Stored data:
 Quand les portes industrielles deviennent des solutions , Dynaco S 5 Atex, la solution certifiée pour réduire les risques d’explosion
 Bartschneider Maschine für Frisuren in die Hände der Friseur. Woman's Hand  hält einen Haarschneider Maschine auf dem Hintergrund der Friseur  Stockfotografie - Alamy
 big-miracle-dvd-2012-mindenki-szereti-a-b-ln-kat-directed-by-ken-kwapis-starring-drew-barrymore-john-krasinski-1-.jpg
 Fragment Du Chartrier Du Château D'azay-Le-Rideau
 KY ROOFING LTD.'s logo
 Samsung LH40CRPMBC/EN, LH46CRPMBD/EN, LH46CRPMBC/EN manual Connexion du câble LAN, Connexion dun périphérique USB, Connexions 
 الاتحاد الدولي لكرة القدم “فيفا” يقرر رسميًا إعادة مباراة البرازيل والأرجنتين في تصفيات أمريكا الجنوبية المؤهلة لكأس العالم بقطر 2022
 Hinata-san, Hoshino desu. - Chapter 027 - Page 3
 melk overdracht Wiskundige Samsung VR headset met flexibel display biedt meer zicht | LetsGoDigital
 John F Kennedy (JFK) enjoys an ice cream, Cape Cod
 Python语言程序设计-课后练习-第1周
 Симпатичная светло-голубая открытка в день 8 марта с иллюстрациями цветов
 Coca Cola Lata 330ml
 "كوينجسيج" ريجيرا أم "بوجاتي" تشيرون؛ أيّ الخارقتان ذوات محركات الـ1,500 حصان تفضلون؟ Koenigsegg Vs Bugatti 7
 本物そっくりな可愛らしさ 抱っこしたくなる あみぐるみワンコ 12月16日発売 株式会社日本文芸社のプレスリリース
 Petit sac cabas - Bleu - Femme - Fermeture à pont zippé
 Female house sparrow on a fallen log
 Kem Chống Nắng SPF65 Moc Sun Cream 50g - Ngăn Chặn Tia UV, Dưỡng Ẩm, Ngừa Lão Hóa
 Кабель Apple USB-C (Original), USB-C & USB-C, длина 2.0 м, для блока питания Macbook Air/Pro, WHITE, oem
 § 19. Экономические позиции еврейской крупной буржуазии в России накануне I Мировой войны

WHAT IS NEEDED — From the line containing "Симпатичная светло-голубая открытка" to the final line of the data above, transcribe every line exactly and nothing more.

COMPLETED TASK —
 Симпатичная светло-голубая открытка в день 8 марта с иллюстрациями цветов
 Coca Cola Lata 330ml
 "كوينجسيج" ريجيرا أم "بوجاتي" تشيرون؛ أيّ الخارقتان ذوات محركات الـ1,500 حصان تفضلون؟ Koenigsegg Vs Bugatti 7
 本物そっくりな可愛らしさ 抱っこしたくなる あみぐるみワンコ 12月16日発売 株式会社日本文芸社のプレスリリース
 Petit sac cabas - Bleu - Femme - Fermeture à pont zippé
 Female house sparrow on a fallen log
 Kem Chống Nắng SPF65 Moc Sun Cream 50g - Ngăn Chặn Tia UV, Dưỡng Ẩm, Ngừa Lão Hóa
 Кабель Apple USB-C (Original), USB-C & USB-C, длина 2.0 м, для блока питания Macbook Air/Pro, WHITE, oem
 § 19. Экономические позиции еврейской крупной буржуазии в России накануне I Мировой войны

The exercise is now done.